The processor does very simple things. Those things look nothing like the code you originally wrote. Some tool, normally called a compiler, is responsible for translating what you wrote into something the processor can digest. Our final form was not quite that. We introduced a “humanized” form of what the processor can really digest (0s and 1s). We call that form assembly language.

This is done because us humans do not work well with piles of 0s and 1s!. We add in one more tool, called an assembler, to translate assembly language into the processor’s real language.

In fact, the gcc compiler does exactly that:

  • It reads your program using the preprocessor to get rid of those lines starting with a “#”

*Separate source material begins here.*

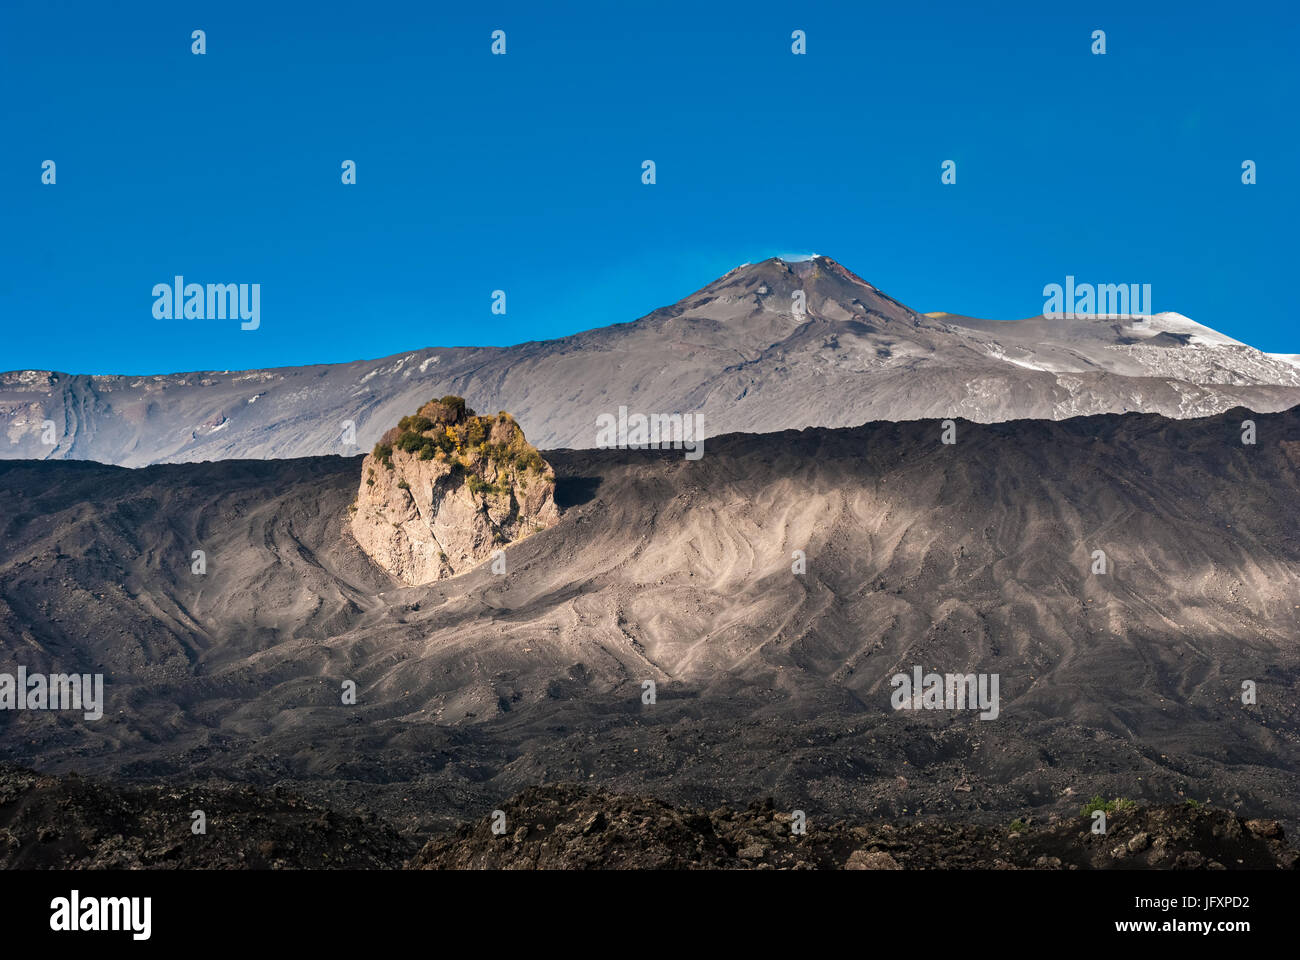 Summit craters of volcano Etna seen from the eastern flank Stock Photo

  • It then translates the resulting file into assembly language

  • Next, it invokes the assembler to translate that code into 0s and 1s.

  • Finally, it saves that stuff in an executable file.

Running Your Code

Remember that the executable file produced by your build process is really a data file used by the operating system’s loader program to set up the basic memory areas needed by your program. The loader requests a block of memory for initialized data items, and writes into that memory all of your initial values. It them asks for a block of uninitialized data, and leaves that block alone, with whatever junk was there before still there. Finally, it requests a block of memory for your code (instructions) and copies your code into place. It must then patch all references to addresses in the data memory areas so things work right. Once all of this setup is done, the loader hands this new program back to the operating system and the OS will run your program when it finds the time to do so!